In an interview with Nico Saraceno at DPHARM 2024, Munther Baara, VP strategy and innovation, EDETEK touches on the features an effective AI/ML model can provide and how they benefit data management in trials.
ACT: You have an upcoming session on “Transforming Clinical Trials: From Reactive to Predictive.” What are some of the main points that will be discussed during the session?
Baara: I'll be talking about the metaphor of travelers. Back in the days—it depends how old you are—you might remember when people used to travel, they'll have a map with them. There'll be a passenger next to them with the highlighter trying to map their route, and if they miss an exit, it will probably take them another hour to come back and then we progressed to the MapQuest, where we printed the map, and then we end up with the GPS, and then we end up with a smartphone, and then became a gamification with ways and now we're getting into the predictive analytics to basically predict how you get to do your next day and probably telling you what you should be doing, etc. I see this like in our clinical trials, there's some companies that are still using the paper, navigating with the highlighter, there's people at the GPS, and once a new study with different endpoints, it becomes harder and harder for them, basically, to navigate and be able to see the big picture.

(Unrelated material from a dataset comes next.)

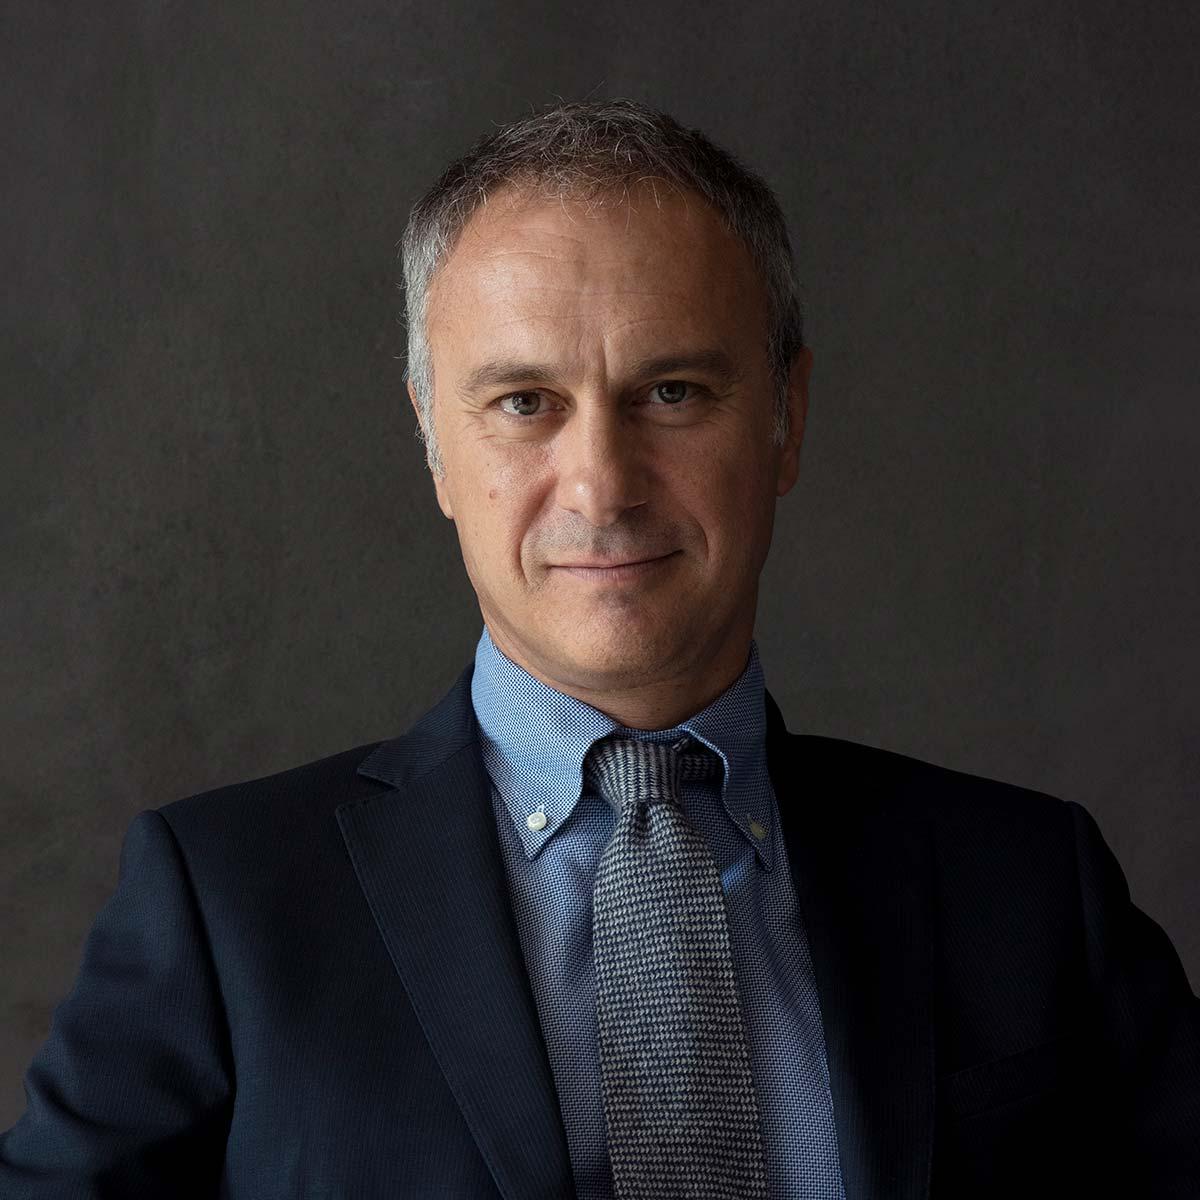 Gilberto Negrini, CEO of B&B Italia

What I'm going to talk about is very simple concept. We call it the four Cs—connect, collect, conform, and consume. What we've done, we’ve built this whole architecture to allow you to connect to the different data providers at the site level or at the study level, so that gives you the ultimate flexibility. You could use different ADC vendors, central labs, ePRO, new digital endpoints, genomics, data, etc., it doesn't matter. The idea behind it is those data providers will immediately be basically pushing data into what we call our digital data pipeline. Then, once the data starts flowing in, you'll see the data coming in and then conforming to the standard of your liking, whether it's for submission or for data review, and then provide you the final piece, which is what we call the consume piece. That's what's so powerful, because now you have to think about it like, you come to a building, you expect light, electricity, and water, right? You don't think about it. Once we do these hooks into the building, into your clinical trial, into our digital data pipeline, things start flowing, and now you're seeing everything in one place, one version of the truth. There are no delays because typically study managers tell me my study was great—green for six, nine months, the first DMC data monitoring committee meeting, I need to do the cleanup or interim analysis—that's when things start basically going south. It went immediately from yellow to red, and I see I have the wrong patients in the study, etc. We solve this problem from day one. That's the key. Study starts. Data starts flowing in. You're seeing whether you are enrolling the right patients into the study or not.
ACT: From a technological standpoint, what’s required for the development of more accurate AI/ML models?
Baara: That's a good question. I struggle a lot of the time when people talk about AI and machine learning, and I feel like they have not done the foundational pieces that's needed in place. Of course, you need AI and modeling and machine learning, but you’ve got to think about: you need to be able to curate the data, aggregate the data, and you need to make sure the data is validated with high quality, so not only curate, but cleansing of the data. The 4 Cs concept that I described does exactly that because we bring data in real time, we basically run all these validation checks, and we have what we call flexible validation rules that you can do through and point and click. Zero programming involved. It eliminates SAS coding, et cetera, especially when you cross data across different data providers. I can look, for example, like somebody says in the exposure data, we adjusted the treatment, and then I look in adverse events, there is no reason for adjustment, et cetera. I can basically cross reference a lot of data. I can cross reference lab collection with the actual lab results, the ePRO data, with how the patient reported safety versus SAE, so I can do that all in coding and then we can apply algorithms as well to monitor the quality of the data. As the data comes in, you immediately point out where there's weak points or what needs to be addressed and tackled, and you’re cleaning the data as you go. That gives you the foundation to have excellent AI and machine learning, basically models in place in order to respond to this. Without it, your model is going to be weak. You're going to be missing a lot of pieces, and not only that—which I forgot to talk about—is the metadata about the data. In order for machine learning and AI to increase the accuracy of it, you need to have the data about the data and that's what our platform has. We can take raw data, transform it to any target data, like from the ADC collection to in the SDTM, CDesk, STTM format that's ready for submission for the regulatory agencies, so that together is needed in order to be able really to get into the next level.